The original authors of cargo, wycats and carllerche, aren't around today to ask (it's a weekend!) though IRC attempted to answer regardless:

  <foo> to keep the number of files in a single directory down
  <foo> tools become unhappy with hundreds of thousands+ of things in a single dir
  <foo> as do filesytems
  <bar> why not just a flat file
  <bar> or sqlite or whatever
  <qux> right now it uses git's deduplication feature
  <qux> aka, when downloading updates you only download the objects that changed
  <qux> but it mostly works on a per file basis
  <qux> so git hashes each file and if the hash didnt change, it doesnt download an update
  <qux> but if it did, it treats it as completely new file, even if its just a little change


Update:

  <wycats> Because of this: https://github.com/CocoaPods/CocoaPods/issues/4989#issuecomment-193772935
  <wycats> I ran some scenarios against huge repos when I first worked on cargo
  <wycats> Trying to minimize the cost of operations
  <wycats> I landed on the current strategy, and GitHub in the above thread more or less endorsed what we were already doing at that time
  <wycats> Also see https://github.com/rust-lang/cargo/issues/2452


It's still fundamentally a waste of disk space. On my system, as of a minute ago, ~/.cargo/registry/index took up about 200MB for three different checkouts (for some reason). After deleting that and running `cargo update`, only one of them is recreated, 104MB. Out of that, 57MB is the JSON files and 47MB is git history. But if I just concatenate all the JSON files, the result is only 33MB, and after gzipping, 3MB. Hypothetically, a non-GitHub-based Cargo could store only those 3MB (using binary deltas to avoid resending it on every update), or even 0MB if it just relied on the server to resolve dependencies.


Once you've gzipped to achieve that 3MB storage, binary deltas are useless. Perhaps it the data could be (almost certainly is) transferred gzipped, then expanded to the full 33MB size so binary diffs could be applied to it later, but setting up a system to do binary diffs is a lot of incidental complexity: xdelta is a surprisingly complex format, and bsdiff is really tuned for executables, not arbitrary content (and is pretty complex too).

It sounds like the biggest win would be for cargo to keep using git, but clone the crates.io index as a bare repository rather than checking out the plaintext content. Then it would only take 47MB by your count, which is pretty close to 33MB, and you could still get out the plain content with `git cat-file` and friends.


Technically, the Cargo /already/ bundles a full copy of libxdelta as part of libgit2 (in addition to the separate Git binary delta algorithm); I just checked using nm that it's actually included in the binary. It could probably be removed, but, well, it probably adds a lot less than 44MB to the binary size :)

Alternately, since JSON is text, I suppose you could just ensure that whatever emits this hypothetical merged JSON file puts newlines between different packages' entries, and then use a regular text diff (on the uncompressed version, of course). But reading 44MB of JSON isn't instant; it would probably be better to switch to either a binary format, or even something silly like a sorted list of JSON strings separated by newlines.

There would be some incidental complexity around generating and applying the diffs… you'd probably want to precalculate them on the server side, but it could be rather expensive to, on every change, calculate a diff between the current version and every previous change. Instead, you could have daily checkpoints: each day the server would make a checkpoint and calculate a diff to the last N checkpoints; on every update the server would recalculate the diff between the latest checkpoint and HEAD. The client would store both HEAD and a reverse diff to the latest checkpoint (or just store the checkpoint separately and waste a few MB), so when it updates, it could revert to that checkpoint and request the diff from there to the new latest checkpoint; it would also request the diff from the checkpoint to the new HEAD. If its checkpoint is too old then it would just redownload from scratch.

Overall, not a trivial change, but probably not too hard either.
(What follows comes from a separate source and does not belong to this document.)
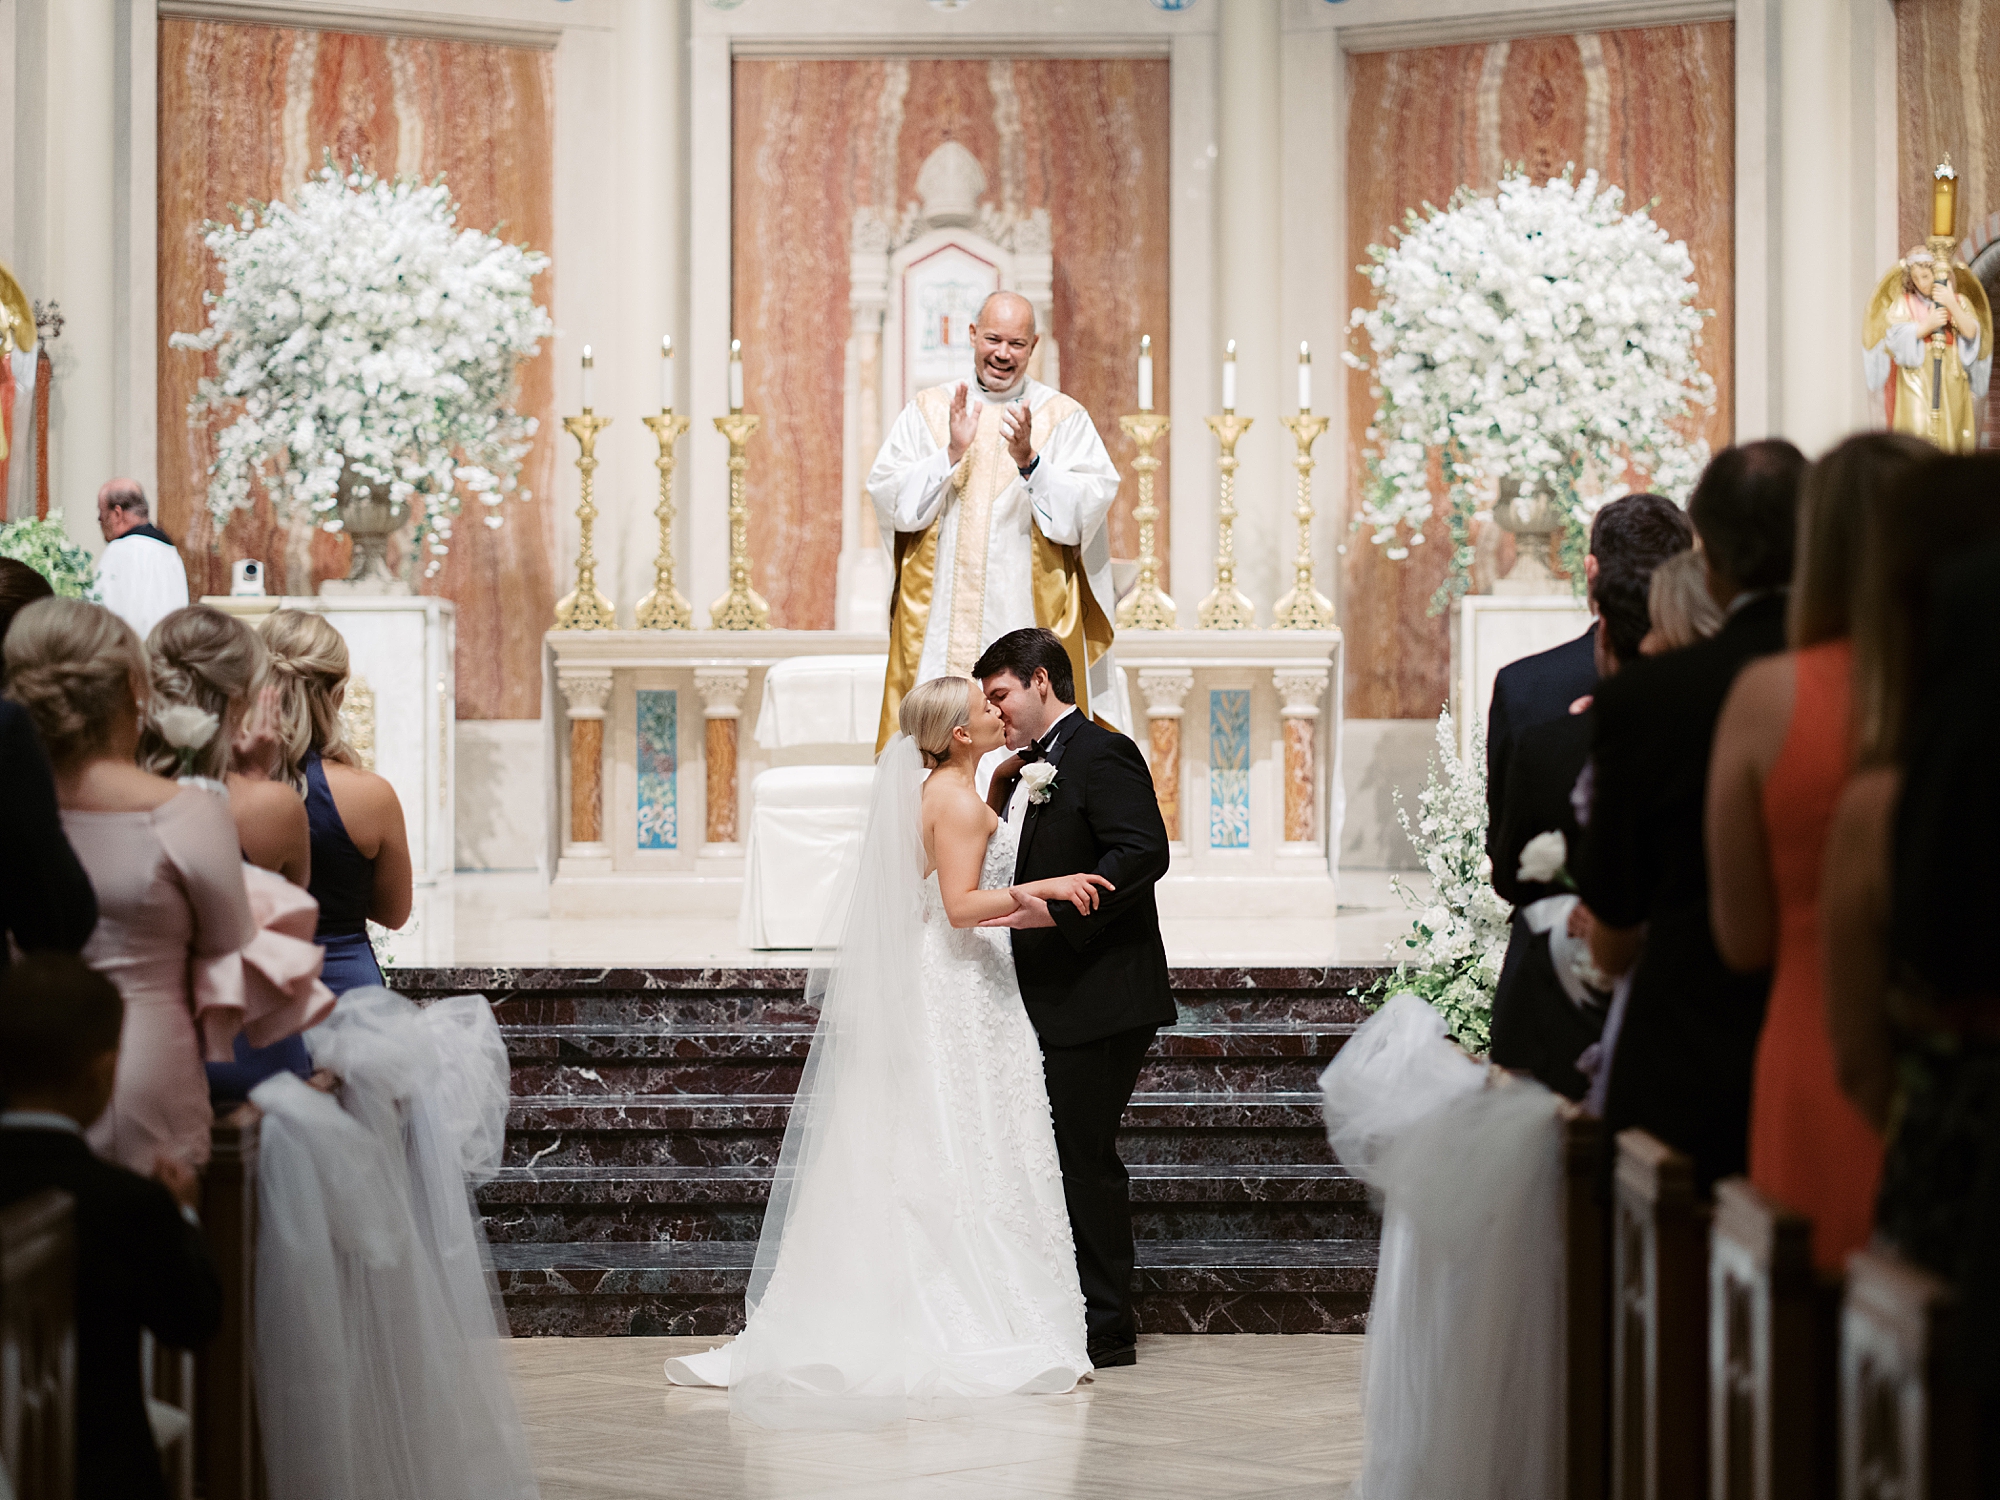 newlyweds kiss at alter after traditional Catholic Church wedding at St. John Cathedral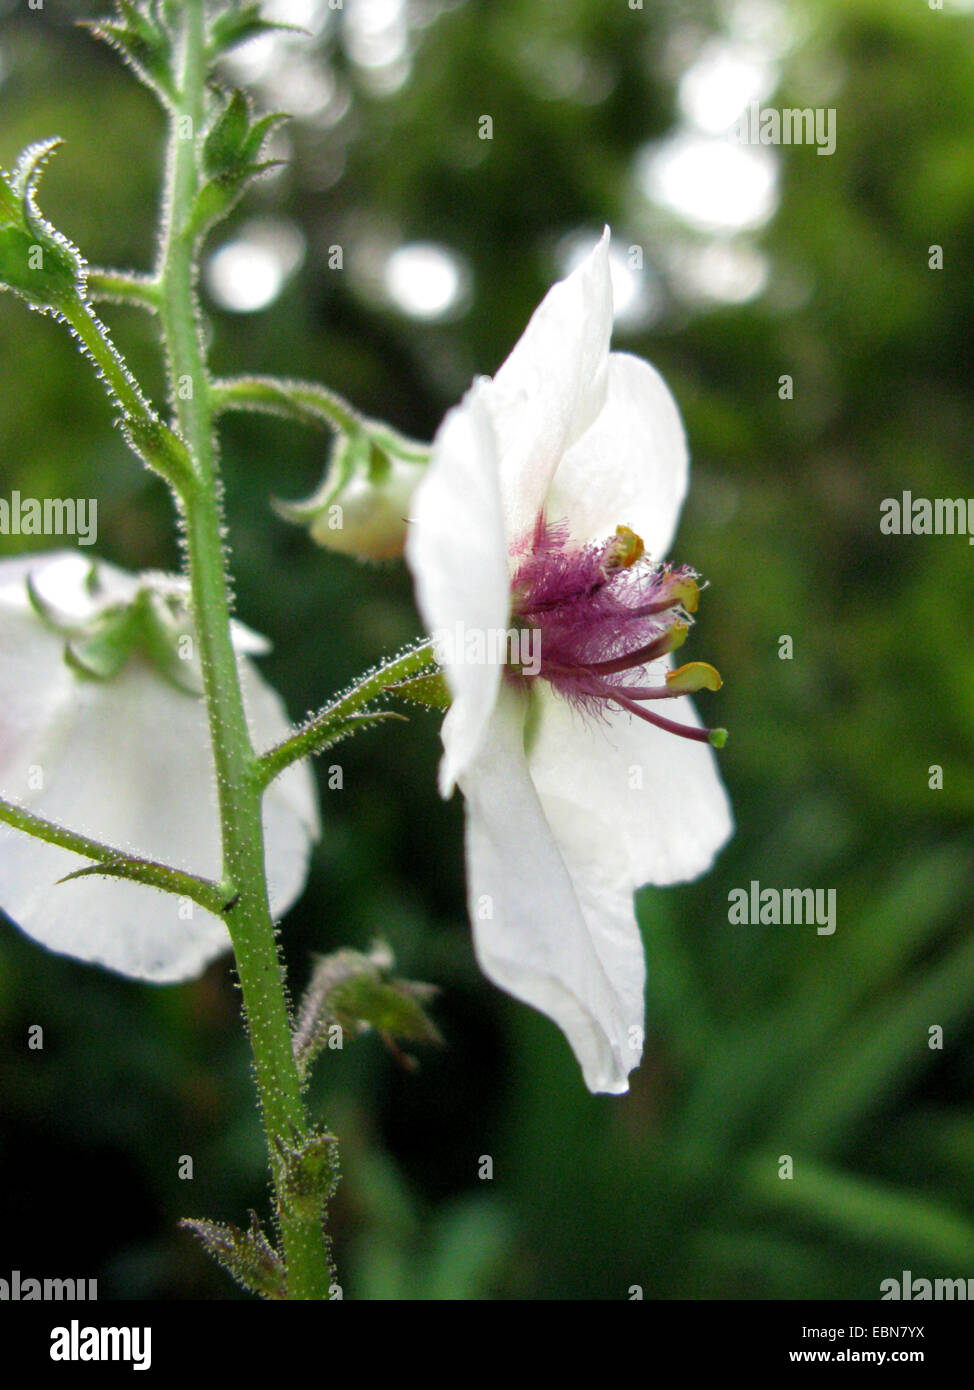 purple mullein, ornamental mullein (Verbascum phoeniceum 'Album', Verbascum phoeniceum Album), white flowering cultivar Stock Photo

apt-get does something vaguely similar with its pdiff files.


There is a very long comment in the cargo source which explains this decision and some of the trade offs involved. https://github.com/rust-lang/cargo/blob/master/src/cargo/sou...

I know that some of the people who worked on cargo originally had experience with other package managers - mainly bundler - and I believe bundler used to use a single file, but ran into performance issues.


AFAIK this is how the BSD Ports system works too.


Sounds more like a problem with stupid Windows design choices than with anything you did.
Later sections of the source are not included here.